How Do AI Essay Checkers Work? A Brief Glimpse Under The Hood

Have you ever used an automated online essay checker? Did you know that those essay checking tools use mighty cutting-edge AI models to check write-ups? Yes, those tools are perfect examples of artificial intelligence that operate at near-human levels of natural language understanding. If you are facing issues with your maths homework then you can take help of a Math Problem Solver.

If you are interested in learning more, this write-up offers some concise insights.

Natural Language Processing

Natural Language Processing (NLP) is the branch of AI concerned with understanding, processing & generating natural human language. You can also get quality essays with the help of Essay Help services.

NLP combines computational linguistics with statistics, computational geometry, machine learning, and deep learning. Together, these aspects of NLP come to perform various tasks such as real-time translation, relevant content generation, voice-operated systems, digital assistants, speech-to-text dictation, spam detection, sentiment analysis, chatbots, etc. 

Here’s a simple overview of the generic NLP pipeline most online Best Essay Writing Service employ. 

Sentence Segmentation à Word Tokenization à Part of Speech Prediction For Every Token à Text Lemmatization à Identifying Stop Words à Dependency Parsing

Transfer Learning, BERT & ULMFiT 

Transfer learning came as a game changer in NLP. It is primarily a machine learning method where an ML model developed for a task can be used as a starting component for a model designed for a second task. 

It leverages prior knowledge from a particular domain onto a different domain & task. For NLP, transfer learning is hugely beneficial simply because models with linguistic & semantic expertise can come in extremely handy. Get Cheap Essay Writing Services from top experts and reduce your burden.

Two recent NLP models have successfully overcome all bottlenecks and implemented transfer learning. They are Google’s BERT and FastAI’s ULMFiT.
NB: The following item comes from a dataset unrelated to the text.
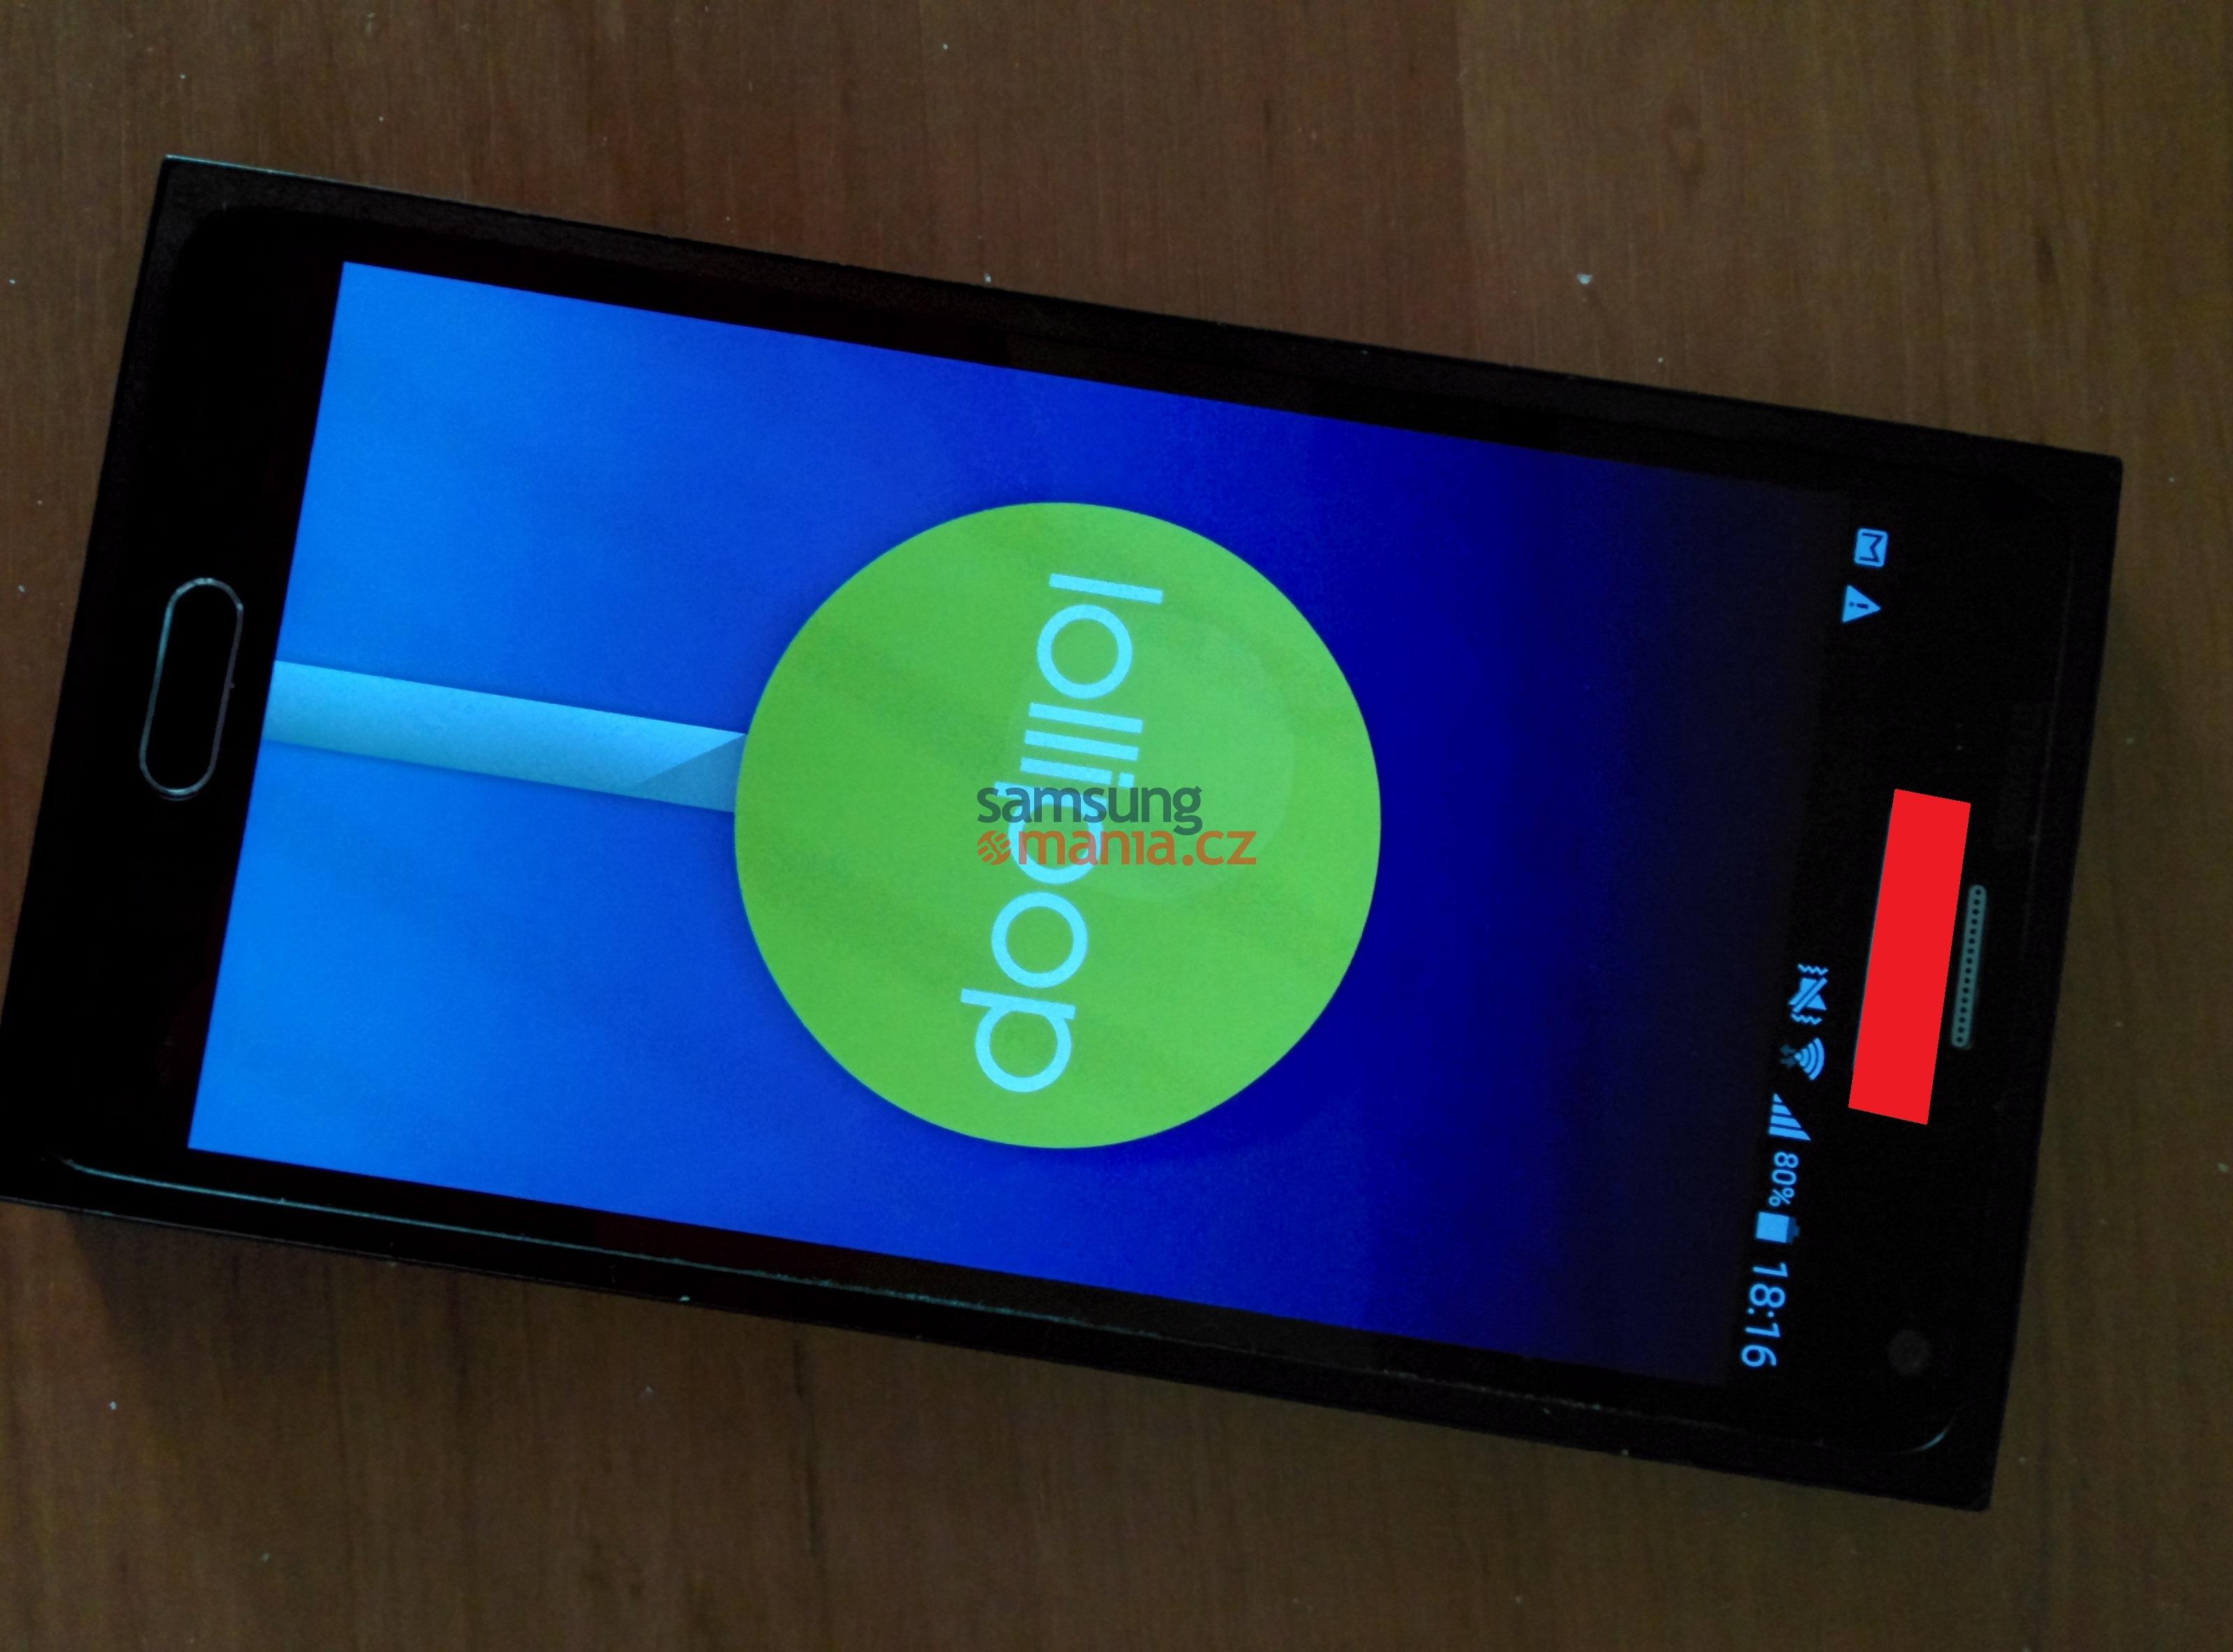 真係提早出?有傳 Samsung 會在 8 月 12 日發佈 Note 5 及 S6 edge Plus

BERT: Google’s Bidirectional Encoder Representations from Transformers model provides accurate results for most NLP tasks. The key technical innovation for BERT is the application of bidirectional training of the Transformer, a popular attention model, to language models. Attention models are deep learning mechanisms that focus on a particular component. 

ULMFiT: Developed by FastAI and the NUI Galway Insight Center, the Universal Language Model Fine-Tuning for Text Classification used inductive transfer learning in NLP. It is a potent and agile technique that can be applied to any NLP task. Additionally, the model introduces techniques to fine-tune other language models as well.

Well, that’s all the space we have for today. If you are interested in AI and NLP, brush up on your maths, stats, and coding skills. And, if you do not trust the results of AI essay checkers, then avail of professional essay or assignment help.